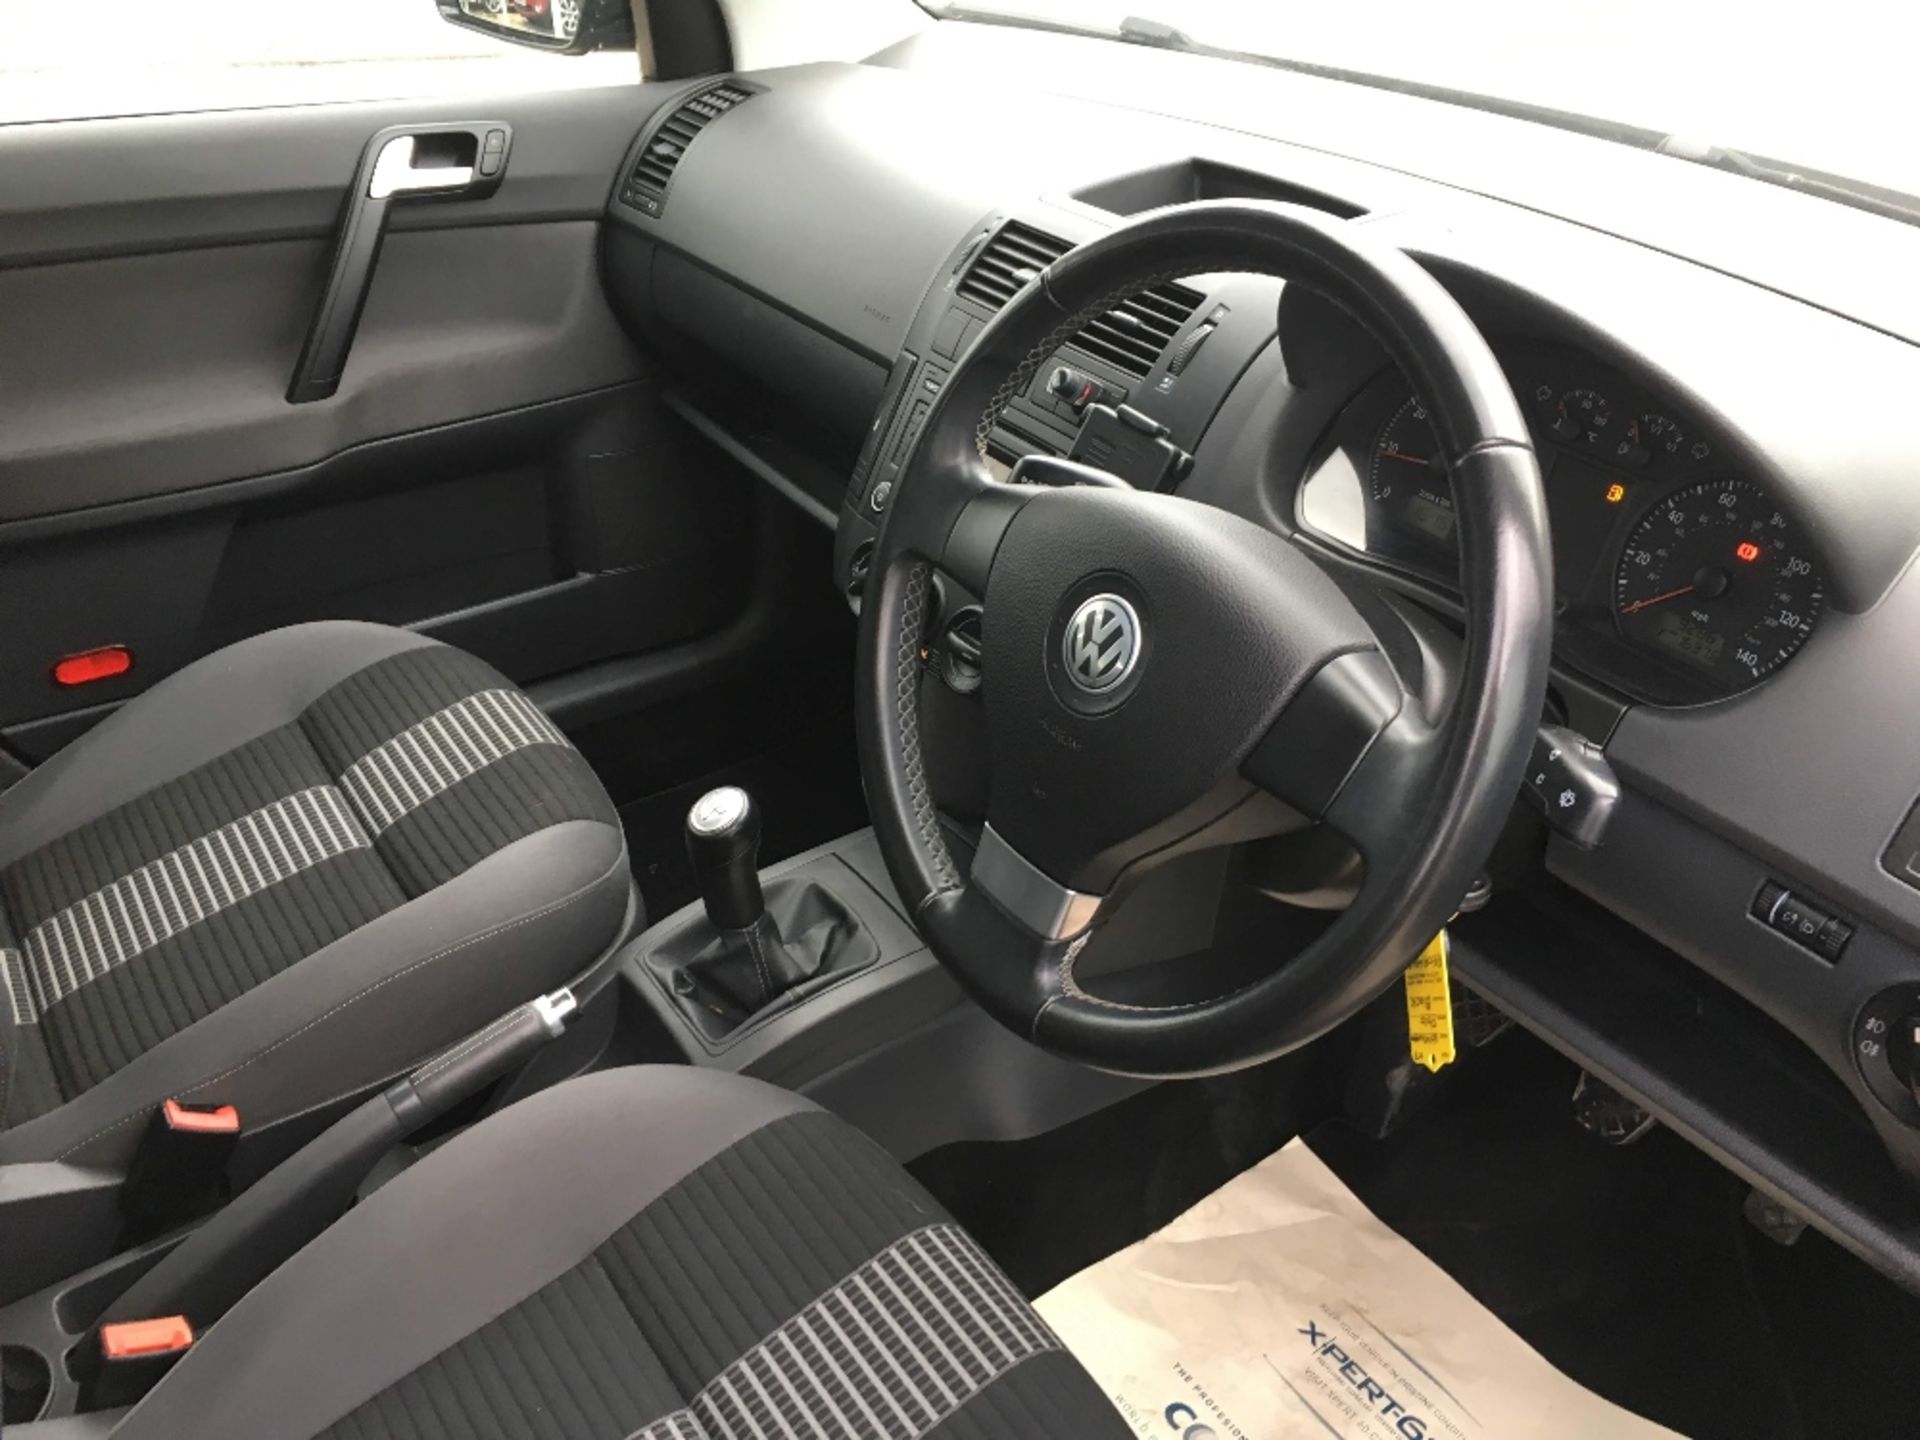 VW Polo 1.2 Match 5 Dr – Metallic Black - RE09 HHD Reg: RE09 HHDMileage: 92,867MOT:29-05-2019 – NO - Image 5 of 7
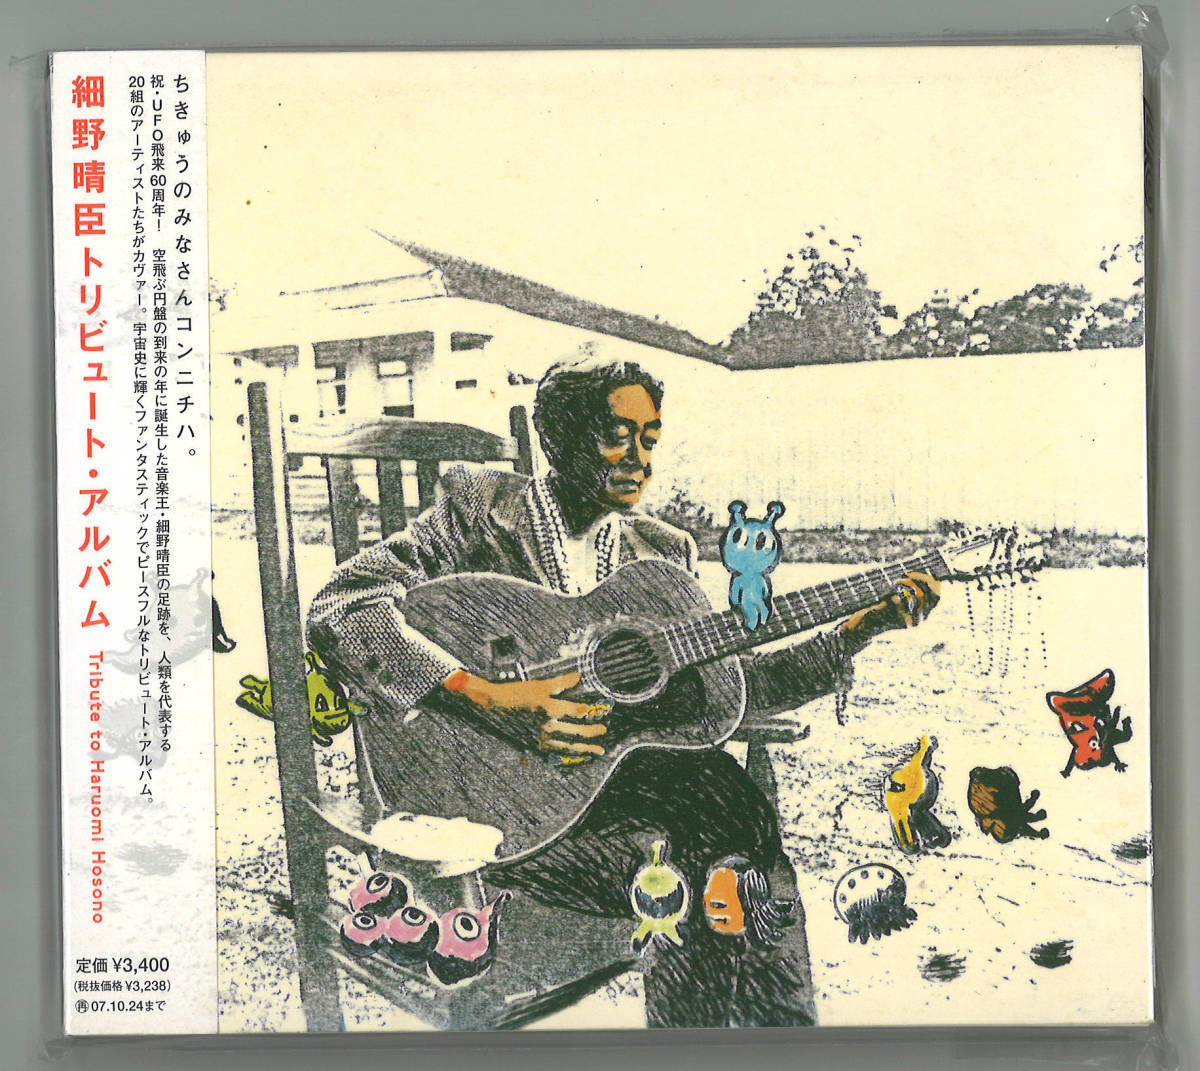 2CD / 細野晴臣トリビュート・アルバム / Tribute to Haruomi Hosonoの画像1
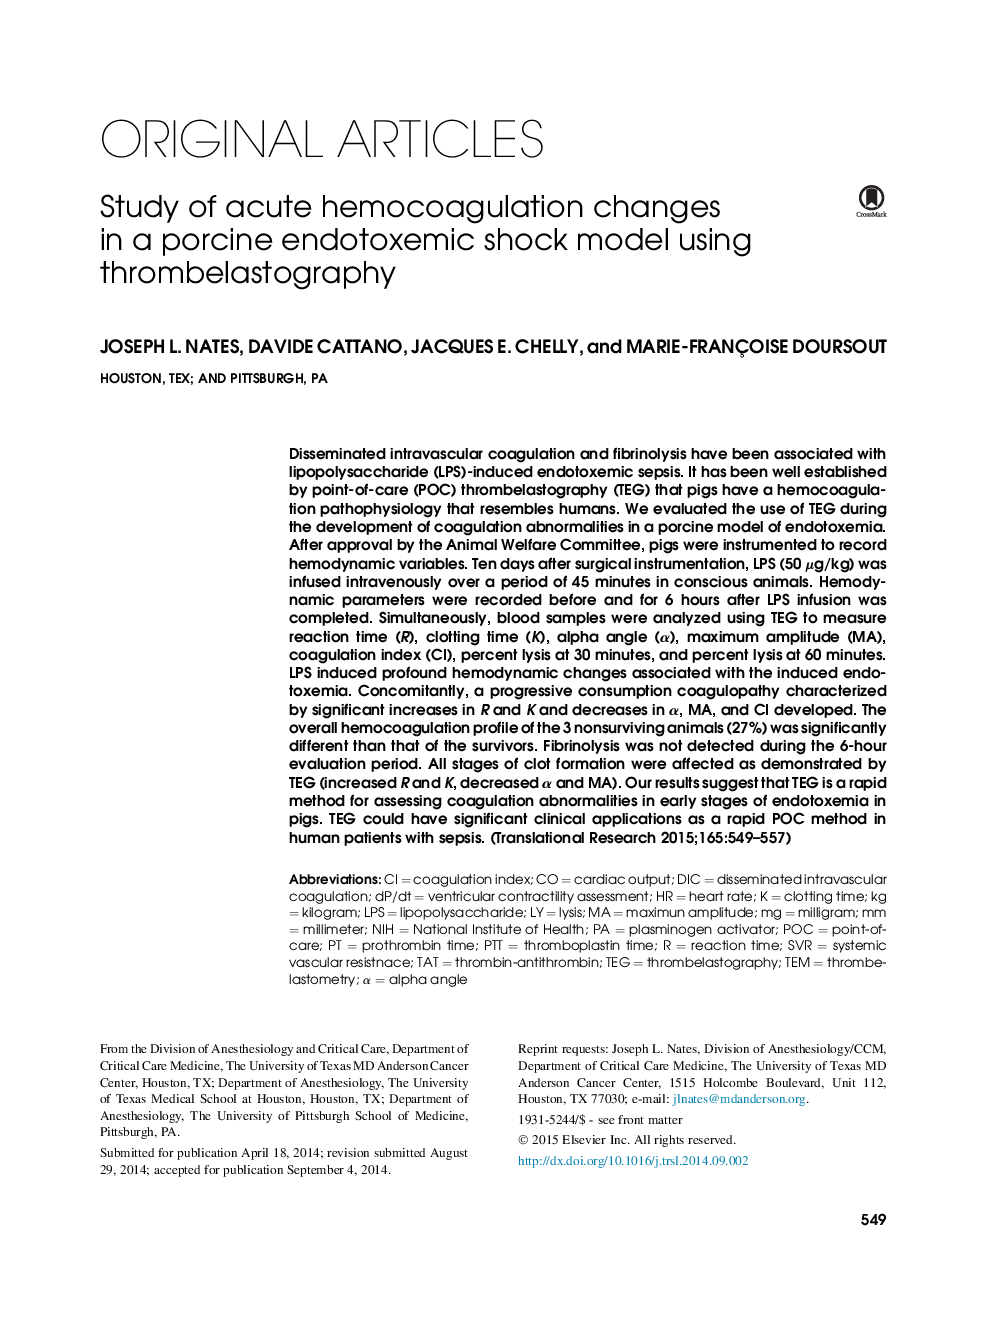 بررسی تغییرات حاد هموکوآگولاسیون در مدل شوک های آندوکسیکسیک گوسفند با استفاده از ترومبلاستوگرافی 
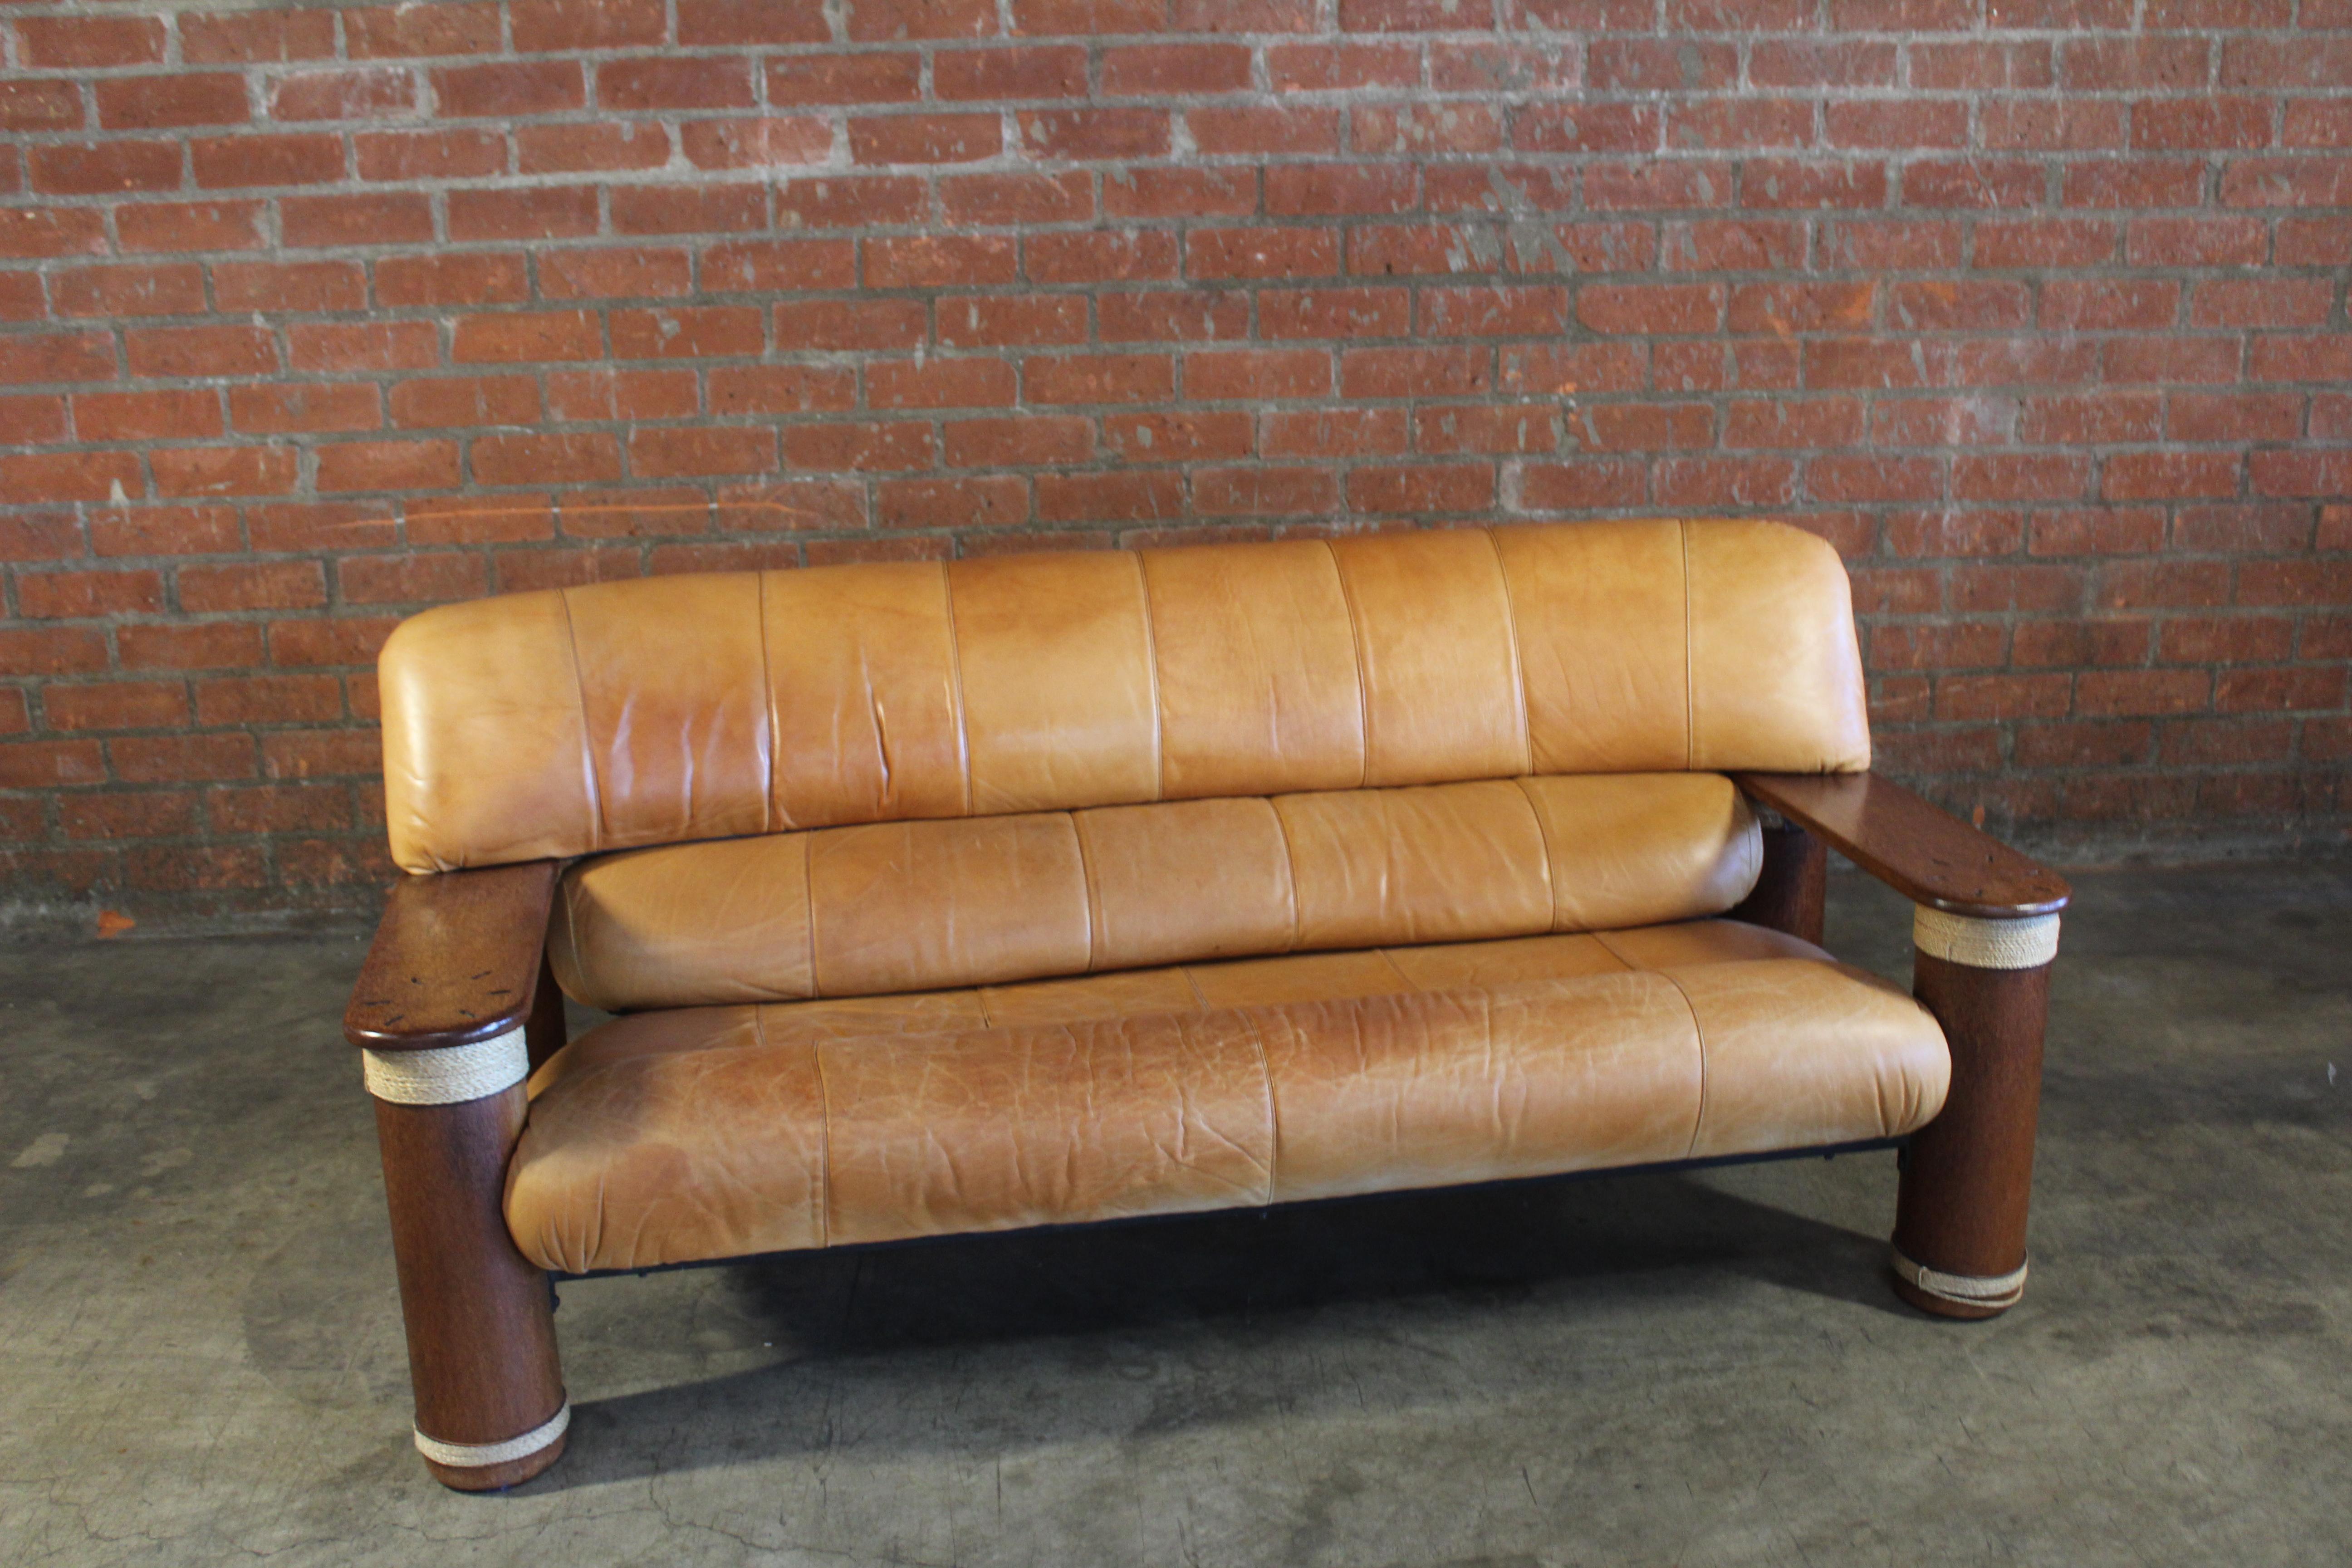 90s leather sofa

__What you have to do__:
Minus its pictures, the full listing should be copied verbatim.

__Task output__:
 VW Polo 1.2 Match 5 Dr – Metallic Black - RE09 HHD Reg: RE09 HHDMileage: 92,867MOT:29-05-2019 – NO - Image 5 of 7
 2CD / 細野晴臣トリビュート・アルバム / Tribute to Haruomi Hosonoの画像1
 بررسی تغییرات حاد هموکوآگولاسیون در مدل شوک های آندوکسیکسیک گوسفند با استفاده از ترومبلاستوگرافی 
 90s leather sofa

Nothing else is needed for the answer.